### What is required
Scan the records for the string "Alternate"; copy each line where it occurs.

(Collection entries)

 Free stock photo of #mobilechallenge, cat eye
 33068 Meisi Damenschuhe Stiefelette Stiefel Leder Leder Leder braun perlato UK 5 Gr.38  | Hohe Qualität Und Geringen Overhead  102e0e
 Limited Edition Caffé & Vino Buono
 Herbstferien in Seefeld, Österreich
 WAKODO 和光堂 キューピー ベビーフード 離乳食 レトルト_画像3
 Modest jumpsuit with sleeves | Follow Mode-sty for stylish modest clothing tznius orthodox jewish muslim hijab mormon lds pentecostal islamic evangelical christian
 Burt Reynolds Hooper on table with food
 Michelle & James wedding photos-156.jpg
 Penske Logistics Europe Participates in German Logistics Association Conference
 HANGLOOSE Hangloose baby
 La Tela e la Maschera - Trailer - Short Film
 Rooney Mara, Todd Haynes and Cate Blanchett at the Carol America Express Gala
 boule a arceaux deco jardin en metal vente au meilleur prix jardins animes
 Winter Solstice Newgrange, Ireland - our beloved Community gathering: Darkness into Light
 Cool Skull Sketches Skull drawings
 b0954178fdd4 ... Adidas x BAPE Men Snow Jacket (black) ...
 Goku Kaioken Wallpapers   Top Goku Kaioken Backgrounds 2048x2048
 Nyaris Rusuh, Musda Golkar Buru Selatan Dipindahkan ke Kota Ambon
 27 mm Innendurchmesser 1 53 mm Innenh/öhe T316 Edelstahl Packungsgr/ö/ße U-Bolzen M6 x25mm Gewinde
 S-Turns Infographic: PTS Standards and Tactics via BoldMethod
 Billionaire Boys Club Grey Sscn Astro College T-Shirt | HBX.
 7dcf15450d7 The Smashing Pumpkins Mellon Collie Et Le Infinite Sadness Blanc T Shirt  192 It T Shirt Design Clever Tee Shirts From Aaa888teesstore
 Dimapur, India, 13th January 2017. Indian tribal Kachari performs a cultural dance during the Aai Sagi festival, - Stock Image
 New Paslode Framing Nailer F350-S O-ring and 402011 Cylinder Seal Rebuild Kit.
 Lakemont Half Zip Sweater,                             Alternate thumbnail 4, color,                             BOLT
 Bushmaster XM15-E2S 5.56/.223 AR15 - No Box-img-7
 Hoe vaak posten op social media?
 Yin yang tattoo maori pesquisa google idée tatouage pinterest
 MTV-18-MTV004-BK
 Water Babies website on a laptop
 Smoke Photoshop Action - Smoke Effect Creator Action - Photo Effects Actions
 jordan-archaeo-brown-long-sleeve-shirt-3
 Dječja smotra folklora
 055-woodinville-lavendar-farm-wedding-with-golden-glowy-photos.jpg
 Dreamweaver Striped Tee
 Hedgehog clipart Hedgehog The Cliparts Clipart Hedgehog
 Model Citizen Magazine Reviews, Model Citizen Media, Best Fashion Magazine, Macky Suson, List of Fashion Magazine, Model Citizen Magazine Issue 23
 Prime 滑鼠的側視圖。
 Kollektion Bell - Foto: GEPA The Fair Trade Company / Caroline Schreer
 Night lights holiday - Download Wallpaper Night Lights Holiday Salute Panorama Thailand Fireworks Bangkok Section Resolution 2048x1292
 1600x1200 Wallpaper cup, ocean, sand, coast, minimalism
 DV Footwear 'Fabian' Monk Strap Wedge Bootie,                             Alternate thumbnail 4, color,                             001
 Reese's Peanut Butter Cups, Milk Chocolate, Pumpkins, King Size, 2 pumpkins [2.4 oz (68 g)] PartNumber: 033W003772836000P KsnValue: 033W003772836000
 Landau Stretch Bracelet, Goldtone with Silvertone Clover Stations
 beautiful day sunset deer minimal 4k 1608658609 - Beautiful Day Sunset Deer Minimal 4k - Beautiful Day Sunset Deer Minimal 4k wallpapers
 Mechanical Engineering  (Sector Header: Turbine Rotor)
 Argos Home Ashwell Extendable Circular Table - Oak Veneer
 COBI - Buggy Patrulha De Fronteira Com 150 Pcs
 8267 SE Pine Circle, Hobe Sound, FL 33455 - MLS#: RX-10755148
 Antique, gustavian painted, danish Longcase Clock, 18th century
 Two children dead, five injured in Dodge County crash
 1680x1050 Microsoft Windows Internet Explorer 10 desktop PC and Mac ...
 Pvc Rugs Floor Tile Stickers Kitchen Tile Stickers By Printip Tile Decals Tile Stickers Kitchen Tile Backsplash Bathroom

### Response to the task
 Lakemont Half Zip Sweater,                             Alternate thumbnail 4, color,                             BOLT
 DV Footwear 'Fabian' Monk Strap Wedge Bootie,                             Alternate thumbnail 4, color,                             001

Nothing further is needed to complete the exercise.